In presenting his Second Objection, Plaintiff addresses all 21 of his causes of action. (See Pl. Obj., Part II, 23-42.) However, Plaintiff's arguments in support of this objection are all, essentially, based upon the same theory (see, e.g., id. at Part II(A)); therefore, the Court summarizes them herein, notwithstanding that it has thoroughly considered Plaintiff's entire Second Objection.

As to Plaintiff's Third Objection: Within the context of his Second Objection, Plaintiff refers to functionality twice. First, in disagreeing with Magistrate Judge Wicks' determination that Newcombe and Levy are shielded under absolute prosecutorial immunity from Plaintiff's claims of malicious prosecution, withholding Brady material, and conspiracy (see R&R at 13-14),Plaintiff repeats his argument that the “four moving prosecutors are specifically pleaded to have been personally involved in the fabrication of false evidence that allowed for, and upon which the initiation of the charge, was based.” (Pl. Obj. at 34.) Thus, according to Plaintiff, “[t]his is an entirely different factual role and functionality, not entitled to immunity.” (Id.) Second, and similarly, Plaintiff makes the same “failure-to-perform any functionality analysis” argument regarding his Fourteenth Amendment violation causes of action. (See id. at 38.) In Plaintiff's view, by failing to perform the functionality analysis, Magistrate Judge Wicks erroneously ignored his well-pled allegations that the prosecutor-defendants where allegedly personally involved in the unlawful pre-charge investigation, inferring that this supposed failure led to the wrong recommendation, i.e., that prosecutorial immunity is warranted. (See id.)

Of note: Plaintiff does not accurately quote the parenthetical provided by Magistrate Judge Wicks in citing to Tretola v. D'Amico, No. 13-CV-5705, 2014 WL 2957523, at *4 (E.D.N.Y. July 1, 2014), in support of his determination that absolute prosecutorial immunity is in play as to Plaintiff's claims of malicious prosecution, withholding Brady materials, and conspiracy against Newcombe and Levy, and not Shumueli, as asserted by Plaintiff. (Cf. R&R at 13, with Pl. Obj. at 34.)

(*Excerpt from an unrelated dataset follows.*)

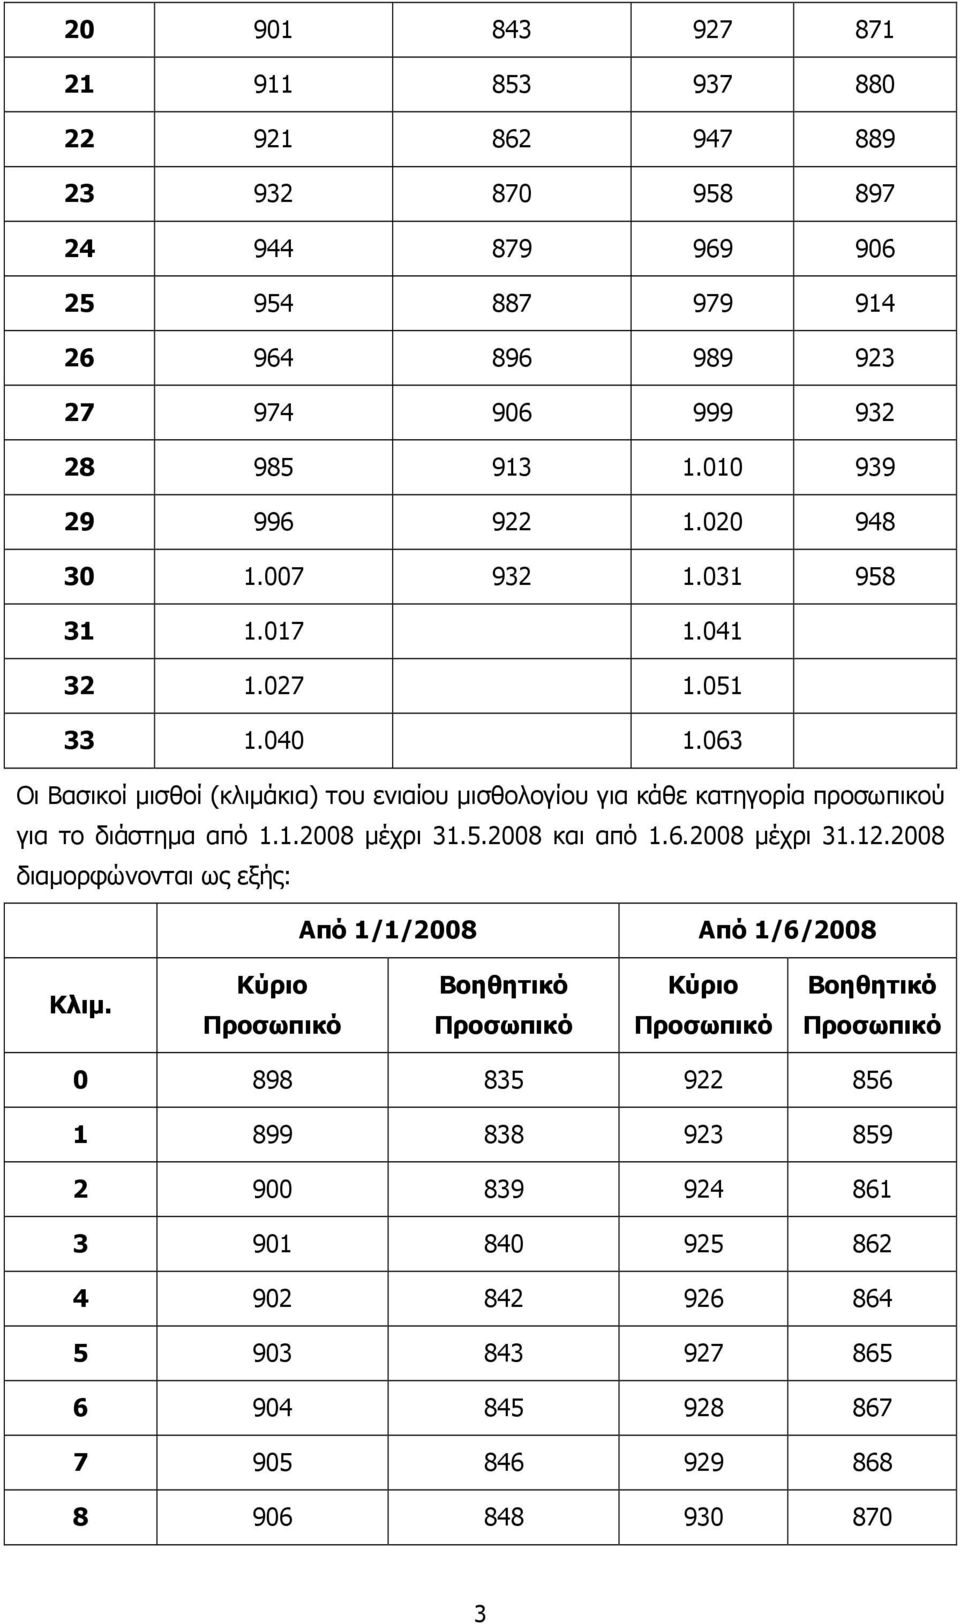 063 Οι Βασικοί µισθοί (κλιµάκια) του ενιαίου µισθολογίου για κάθε κατηγορία προσωπικού για το διάστηµα από 1.1.2008 µέχρι 31.5.2008 και από 1.6.2008 µέχρι 31.12.

As to Plaintiff's Fourth Objection: Plaintiff baldly contends that in ruling upon the Dismissal Motions, “it is outside this court's authority . . . to summarily consider whether certain relief may be dismissed from plaintiff's damages claims” and to do so would be to effectively treat the Dismissal Motion as one for summary judgment. (Obj. at 44-45.) In support of this contention, Plaintiff again advances his argument of “the culture of corruption and unconstitutional norms [that] remain engrained in Suffolk County law enforcement.” (Id. at 45 (asserting the R&R “misconstrued plaintiff's arguments which have already been incorporated herein and upon which we continue to rely”).)

[Remainder of page intentionally left blank.]

DISCUSSION

I. Legal Standard

Hearing no objection to Magistrate Judge Wicks' discussion of the Rule 12(b) dismissal standard and finding it to be correct, said standard is adopted and incorporated herein by reference. (See R&R at 9-10.)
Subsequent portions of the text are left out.